Heavily sedated, I blurred in and out. I remember lying in the CT scanner. I remember a loud noise. I remember lots of faces I didn’t know. Pieces of the past few hours shuffled through my mind. I vaguely remembered paramedics placing me on a spinal board and carrying me to an ambulance. I found out later that the driver had slowed to let a pedestrian cross the road where there was no crosswalk. A van had rammed us from behind at full speed. An off-duty firefighter happened to be driving by just as our car was hit. He’d stopped and called 911 for us and put a blanket over me so I wouldn’t go into shock. My seat belt had snapped. Paramedics found me in the back seat, toppled to my left side, with the driver’s seat lying on top of me. The driver of the van was fine. The driver of my ride, the town car, was injured and at the same hospital as I was. I was in and out, but they said I mumbled to the first responders to call my brother-inlaw Jack. As it happened, Moira had just had her fourth back surgery. So we were both down for the count.

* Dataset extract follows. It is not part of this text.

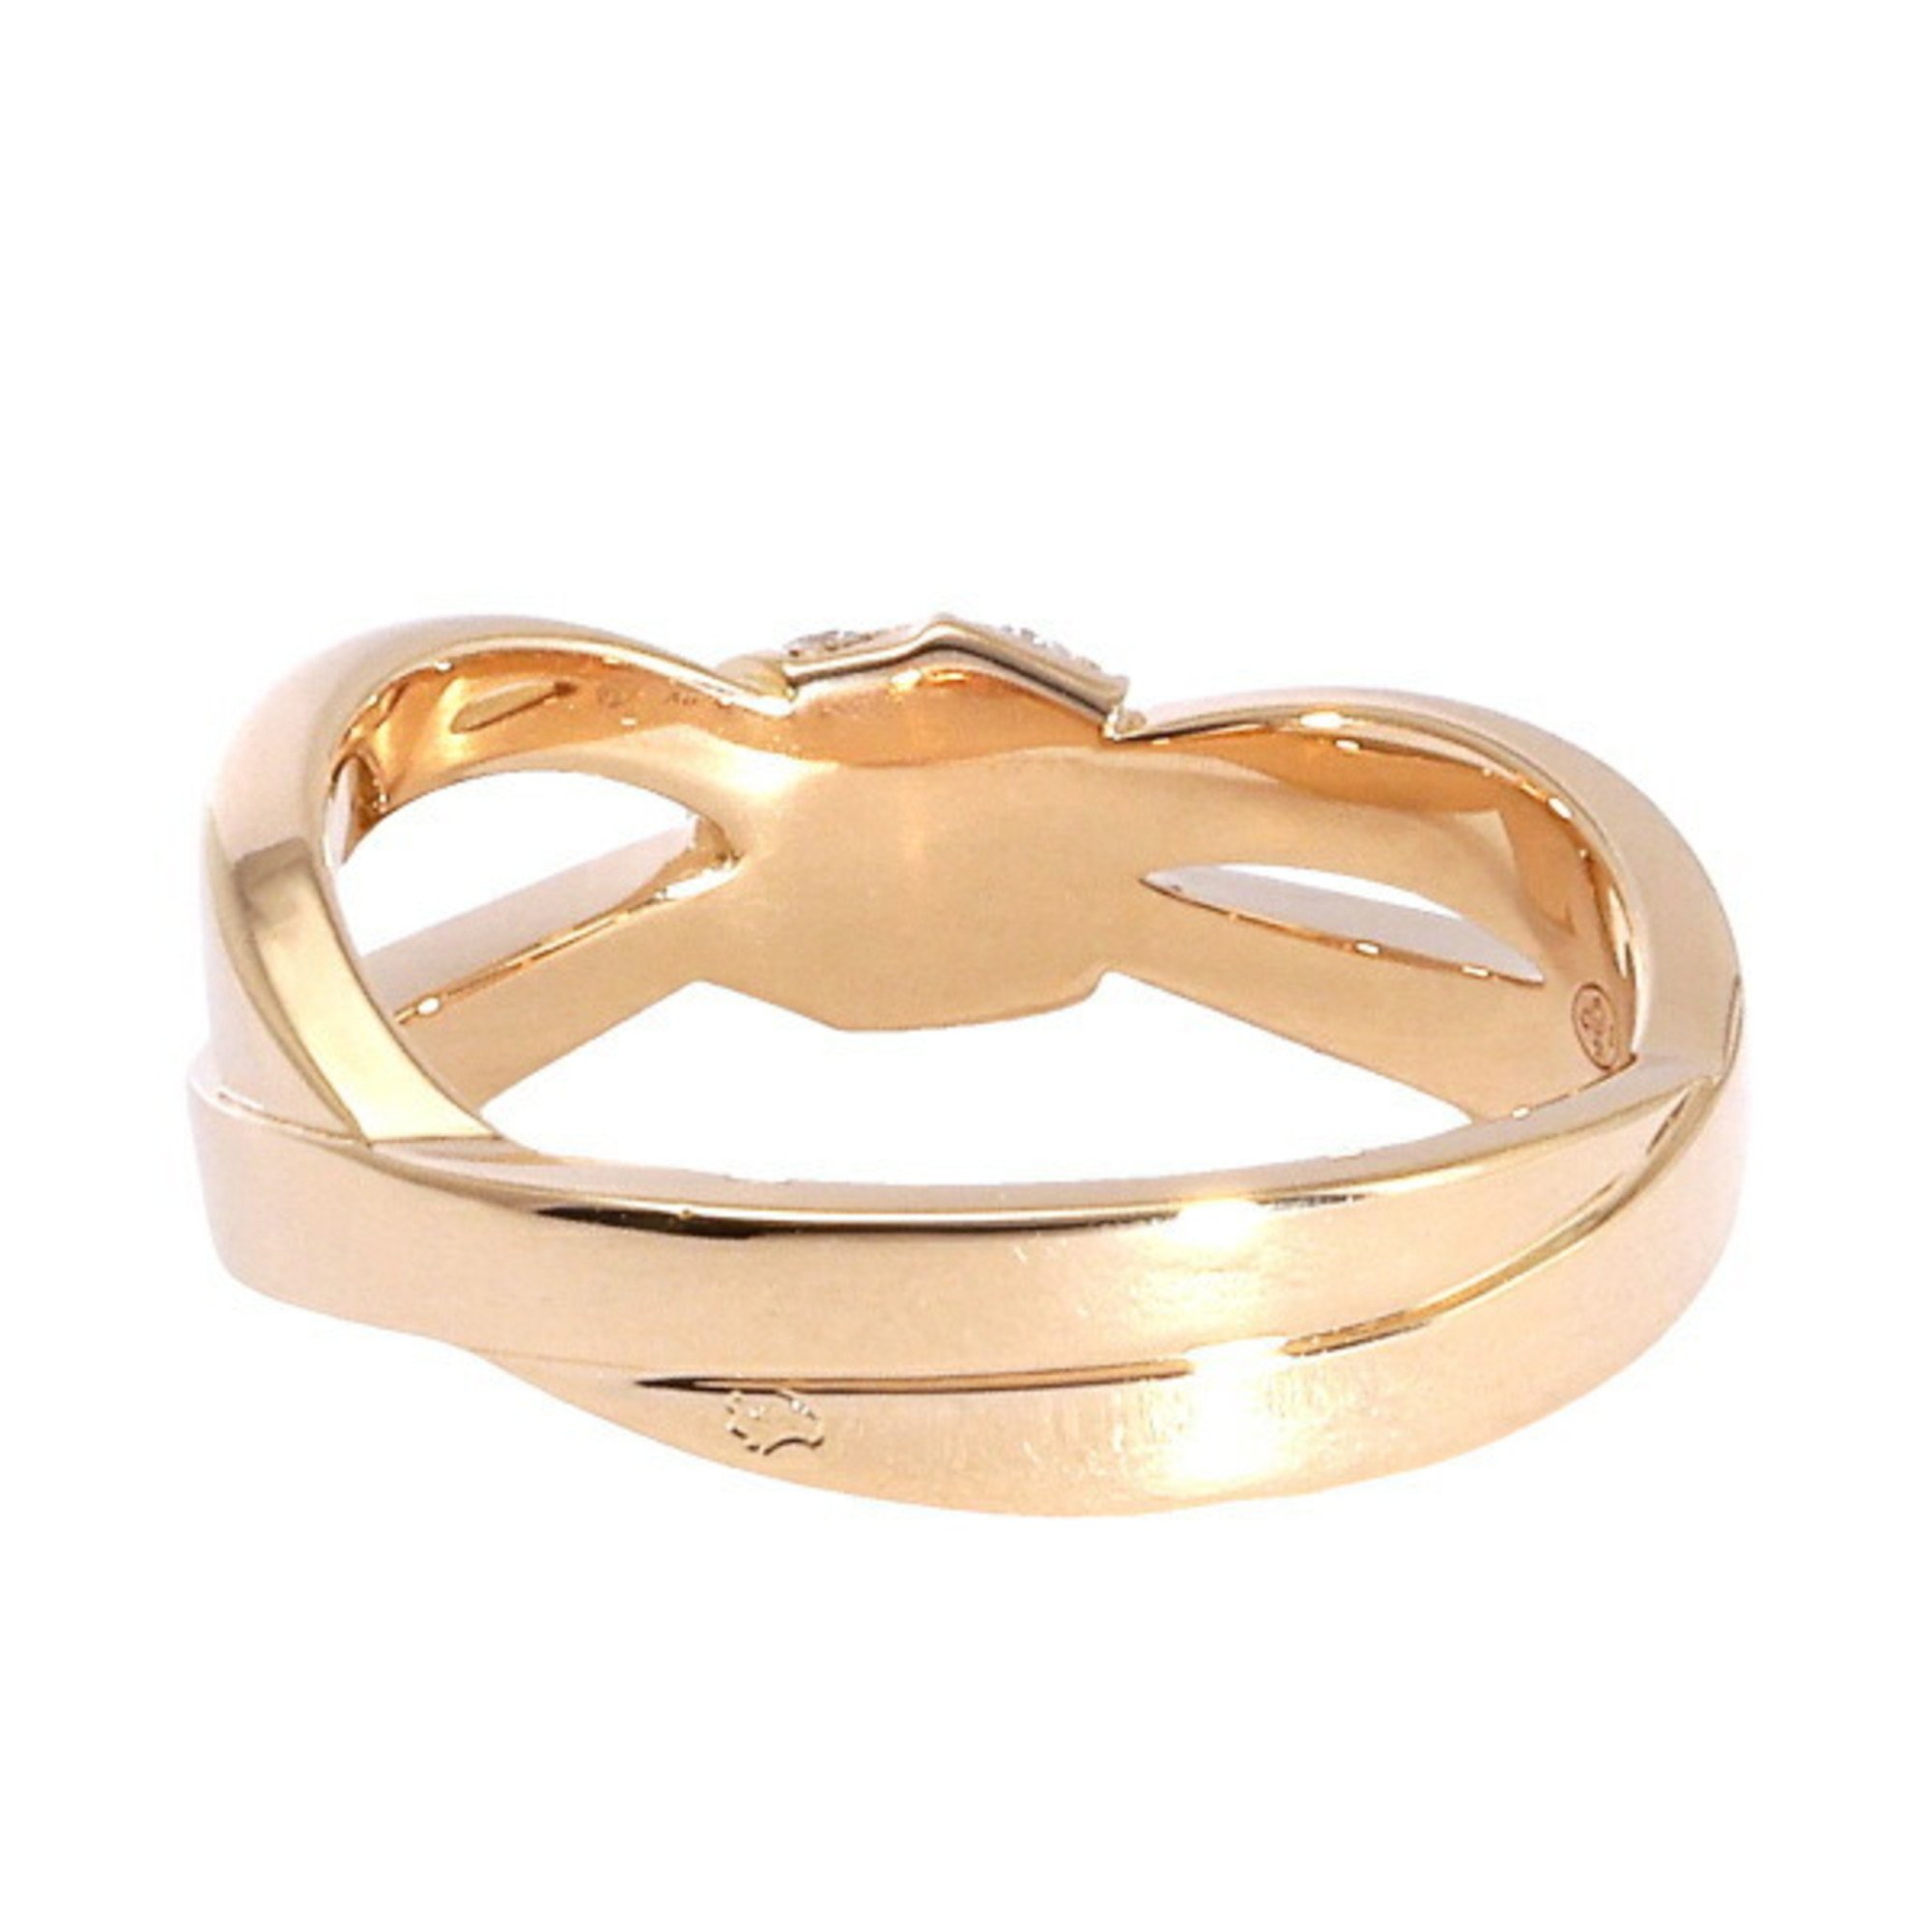 Chaumet Lien Séduxion K18PG pink gold ring

At the hospital, doctors apprised me of my injuries. My neck was fractured, so I was fitted with a thick neck brace. I also had a bad concussion, and my head ached. I remembered I was in a band when Kimo called to check on me. I told him to play the next day’s concert without me, but he chuckled softly and said in a low voice, “No, Gary. Nobody wants to do this concert without you. You just heal up, buddy. Get better real soon.”